我编写了以下代码来演示移动构造。但即使我使用了std :: move(),也没有调用move构造函数。有人可以看看这里有什么问题。
#include "point.hpp"
using namespace std;
class point;
d2point add_point(d2point&& p1, d2point&& p2)
{
cout << "inside add point function" << endl;
d2point z;
z.setX(p1.getX() + p2.getX());
z.setY(p1.getY() + p2.getY());
return z;
}
int main()
{
d2point x(2,3);
d2point y(2,3);
d2point z = add_point(move(x), move(y));
z.print_point();
x.print_point();
return 0;
}
以下是point.hpp中的代码
using namespace std;
class point
{
private:
int x;
public:
point(){cout << "point default constructor gets called" << endl;}
point(int x){ cout << "point param constructor gets called" << endl;
this->x = x;
}
point(const point& p){
cout << "point copy constructor gets called" << endl;
this->x = p.x;
}
point(point&& other):x(std::move(other.x)) {
cout << "point move constructor gets called" << endl;
}
int getX(){return x;}
void setX(int x) { this->x = x; }
virtual void print_point() {}
virtual ~point(){cout << "point destructor gets called" << endl;}
};
class d2point: public point
{
private:
int y;
public:
d2point()
{
cout << "d2point default constructor gets called" << endl;
}
d2point(int x, int y):point(x) {
cout << "d2point parameterized constructor gets called" << endl;
this->y = y;
}
d2point(const d2point& rhs): point(rhs) {
cout << "d2point copy constructor gets called" << endl;
this->y = rhs.y;
}
d2point(d2point&& rhs):point(std::move(rhs)) {
cout << "d2point move constructor gets called" << endl;
this->y = std::move(rhs.y);
rhs.y = 0;
}
int getY(){return y;}
void setY(int y) { this->y = y; }
void print_point(){
cout << "(" << getX() << "," << y << ")" << endl;
}
~d2point(){ cout << "d2point destructor gets called" << endl;}
};
该计划的产出如下:
point param constructor gets called
d2point parameterized constructor gets called
point param constructor gets called
d2point parameterized constructor gets called
inside add point function
point default constructor gets called
d2point default constructor gets called
(4,6)
(2,3)
d2point destructor gets called
point destructor gets called
d2point destructor gets called
point destructor gets called
d2point destructor gets called
point destructor gets called
这里调用了接受rvalue引用的函数,但是没有打印移动构造函数语句,它实际上被调用或者正在调用其他一些成员函数。请在这里看到问题。
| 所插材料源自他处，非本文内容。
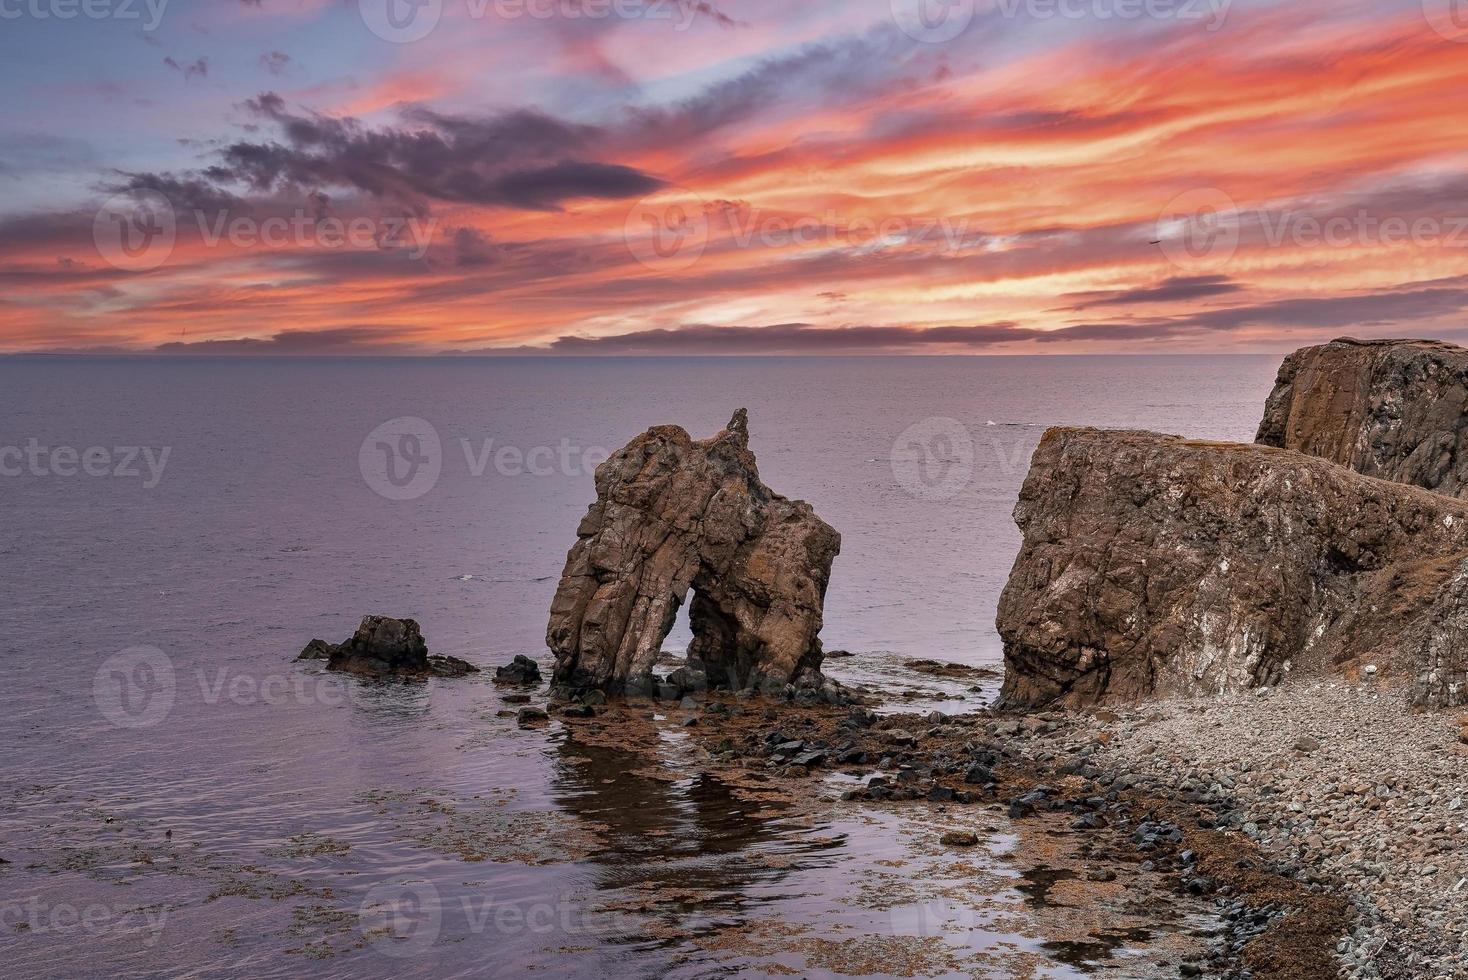 Scenic view of rock formations at seashore against dramatic sky during sunset photo
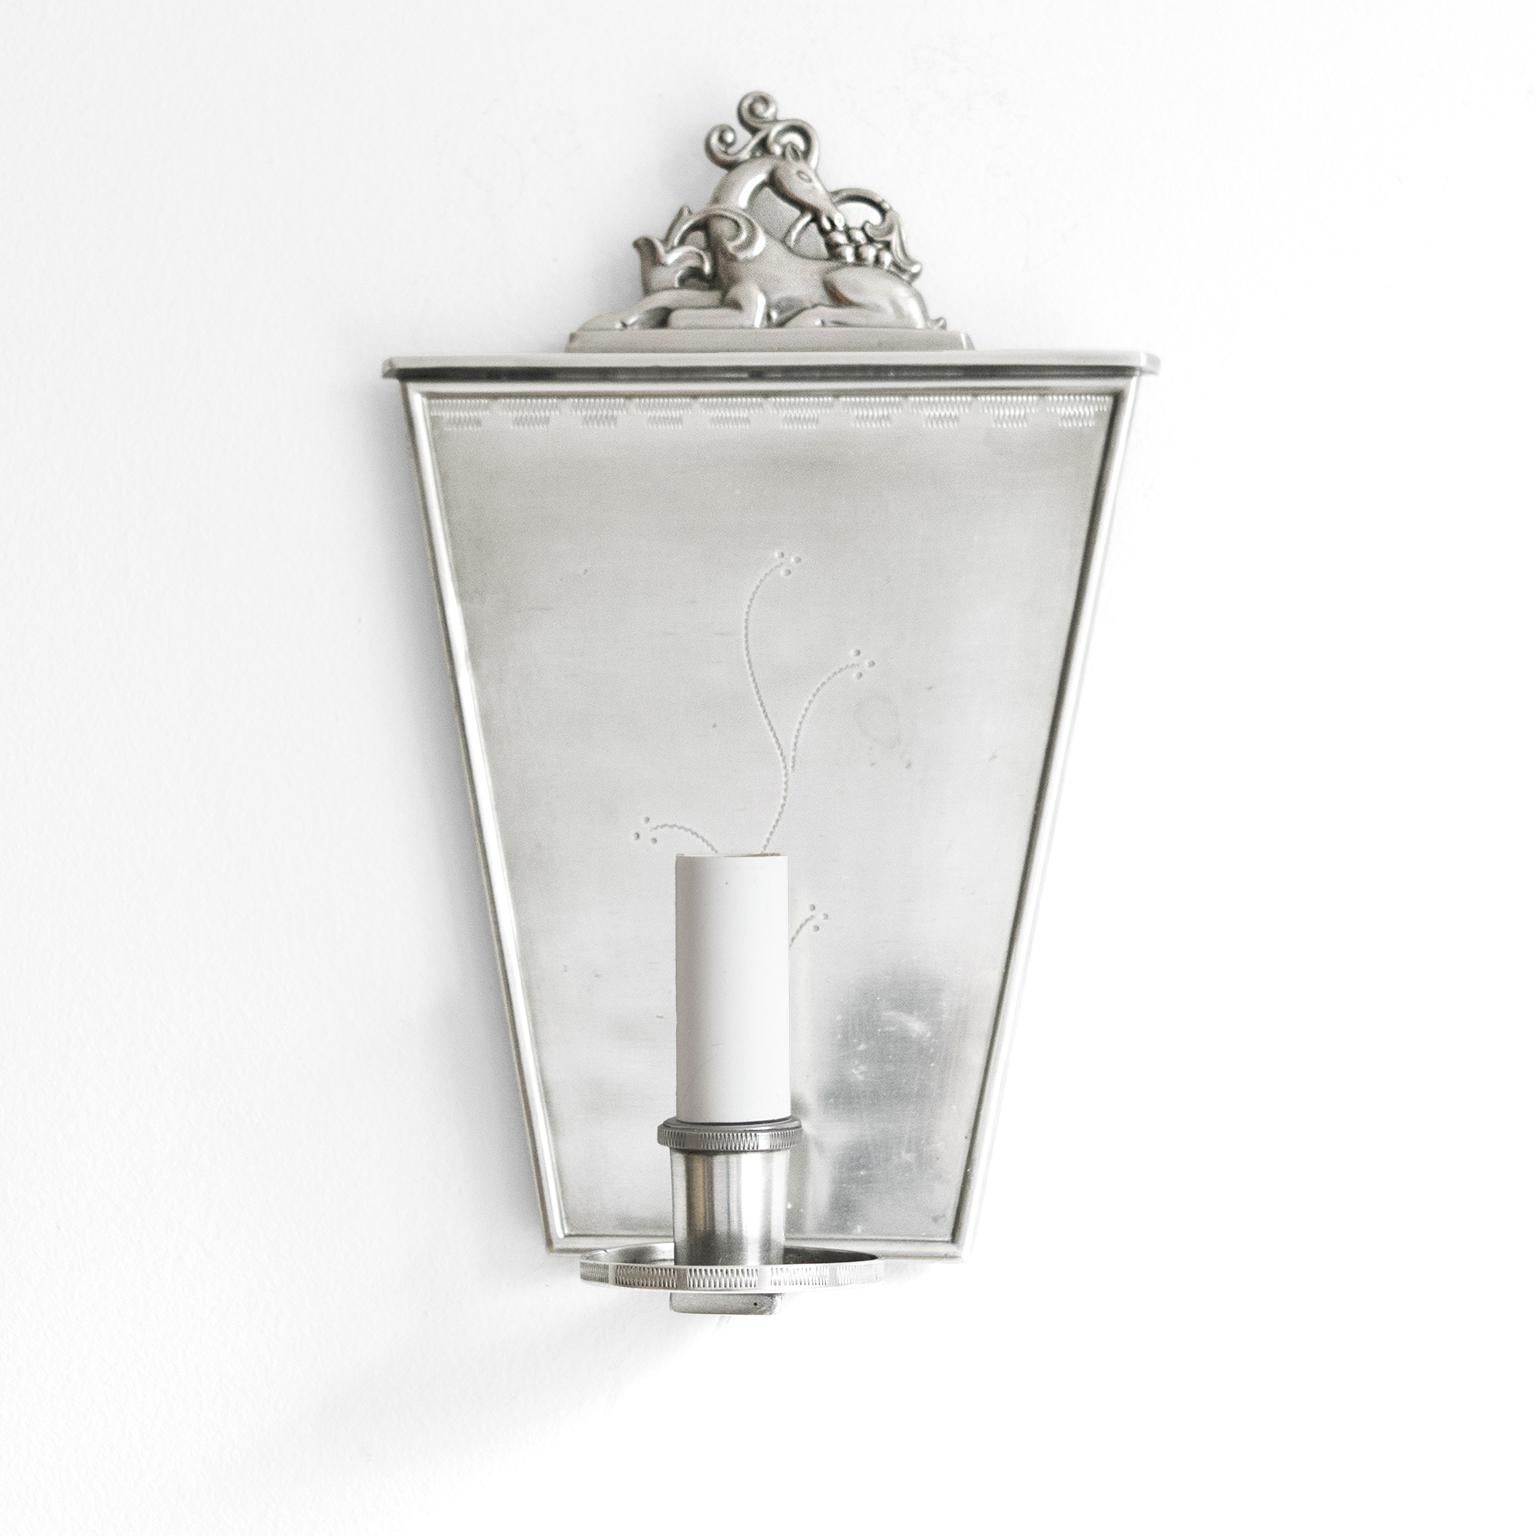 Lacquered Pair of Swedish Grace polished Pewter Sconces by, C.G. Hallberg, Stockholm

除非您从d2point构造d2point&&的新实例,否则不会调用移动构造函数。在你的add_point函数中,你正在对d2point进行右值引用:这意味着你没有构造任何新的实例,只是引用现有的实例:
d2point add_point(d2point&& p1, d2point&& p2)
// ^^ ^^
请记住,std::move只是对右值参考的强制转换。
d2point z = add_point(move(x), move(y));
在上面的行中,你将x和y都投射到d2point&& - 他们被绑定到p1和p2。还没有施工。最后,将add_point调用的结果存储到z中。由于返回值优化,您很可能也看不到在那里调用的移动构造函数。
将add_point改为
d2point add_point(d2point p1, d2point p2)
肯定会引用d2point::d2point(d2point&&)。